Heinrich Harrer, the Austrian climber and traveler who died on Saturday age 93, accomplished two remarkable feats of daring.


In 1938, in one of the greatest mountaineering feats of the time, he was in the first party successfully to climb the notorious North Face – or “Murder Wall” – of the Eiger, in the Swiss Alps. Later, after escaping from a British POW camp in India, he traversed the length of Tibet, reached the “Forbidden City” of Lhasa and became tutor to the young Dalai Lama.


At the outbreak of war in 1939, Harrer was on a German expedition in Kashmir, planning an assault on the unclimbed Nanga Parbat, the world’s ninth highest peak, for 1940. Captured and subsequently interned at the Dehra Dun camp, in the shadow of the Himalayas, he twice escaped and was recaptured. In April 1944 he finally escaped for good, disguised as an Indian workman.


After a brutal, 20-month journey, he made it to Llasa, where natives proved more inquisitive than hostile. Although the war was now over, Harrer resisted attempts to make him return. In 1948 he became a salaried official of the Tibetan government, translating foreign news and acting as court photographer. He became close to the Dalai Lama, then age 14, when he built a cinema to demonstrate the novel sport of skating. Harrer taught him English, science, and geography, a particular favorite of the young man, who was intrigued to find that so few countries exceeded his own kingdom in area. Harrer was forced to leave Tibet when the Chinese invaded, in 1950.


Harrer wrote a record of his adventures, “Seven Years in Tibet,” which was published in Britain in 1953. An immediate popular success, it has since been translated into 53 languages, and bears sympathetic witness to a devastated culture. A $70-million Hollywood film adaptation of the book, under the same title, brought Harrer’s exploits in Tibet before a worldwide cinema audience in 1997, with Brad Pitt starring as the young Harrer – “so handsome, such a sex symbol, not at all like me.” Other of Harrer’s exploits were also brought to light by the film, though unexpectedly.


As a result of the interest the project excited during the production stage, an investigation undertaken by an Austrian radio presenter, Gerald Lehner, in the German Federal Archives in Berlin and then published in Stern magazine, revealed Harrer to have had a Nazi past. It emerged that less than a month after the Anschluss in 1938, he had joined the SS.


He did not attempt to deny this. When asked for an explanation, he said, “Well, I was young. I was, I admit it, extremely ambitious, and I was asked if I would become the teacher of the SS at skiing. I have to say I jumped at the chance. I also have to say that if the Communist party had invited me, I would have joined. And if the very Devil had invited me, I would have gone with the devil.”

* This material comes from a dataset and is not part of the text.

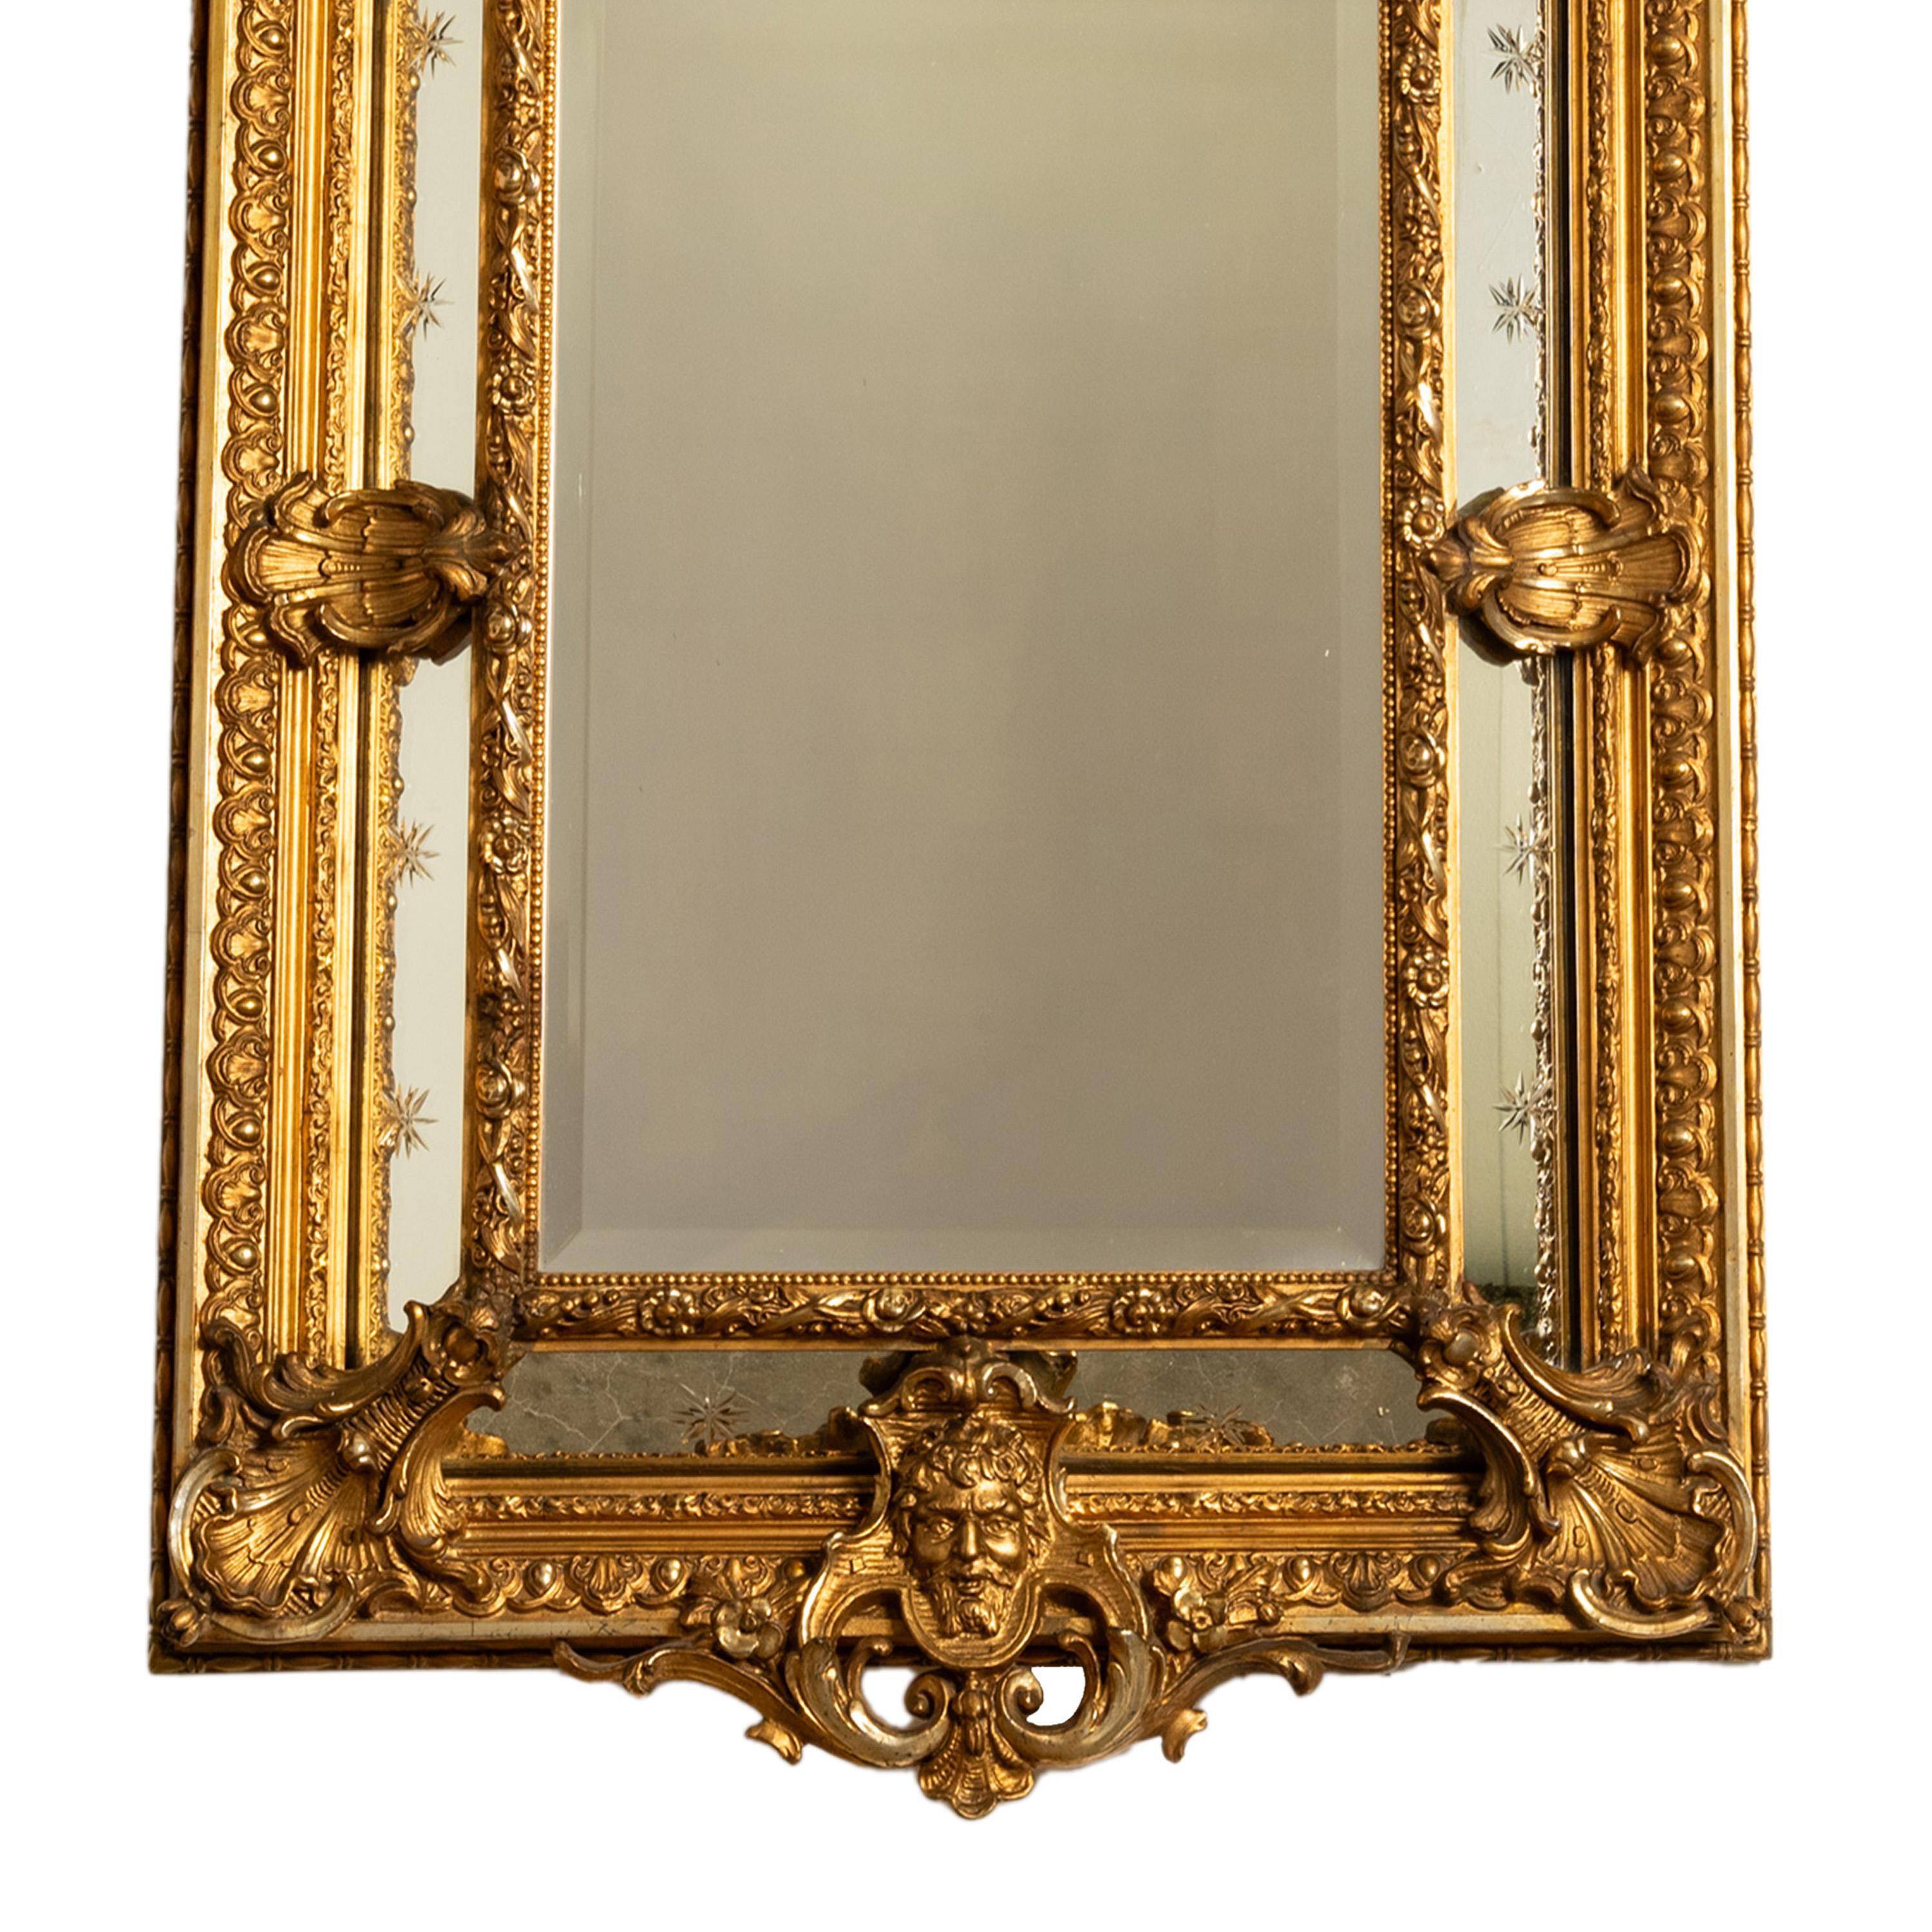 Antique French Giltwood Neoclassical Rococo Mirror Etched Stars Cherubs 1870  In Good Condition For Sale In Portland, OR

While some were outraged, Simon Wiesenthal, always careful to distinguish between war criminals and Nazis, did not consider Harrer to have been guilty of wrongdoing.


Harrer remained a staunch friend of the Dalai Lama; they shared the same birthday, and in 2002 the Dalai Lama attended his old tutor’s 90th birthday party in Austria,


Harrer wrote, lectured and made films about his travels, and he continued to climb in the Himalayas, the Andes, and New Guinea. With King Leopold of the Belgians, he went on expeditions to Surinam and North Borneo. He was also a keen golfer, winning Austrian national championships in 1958 and 1970.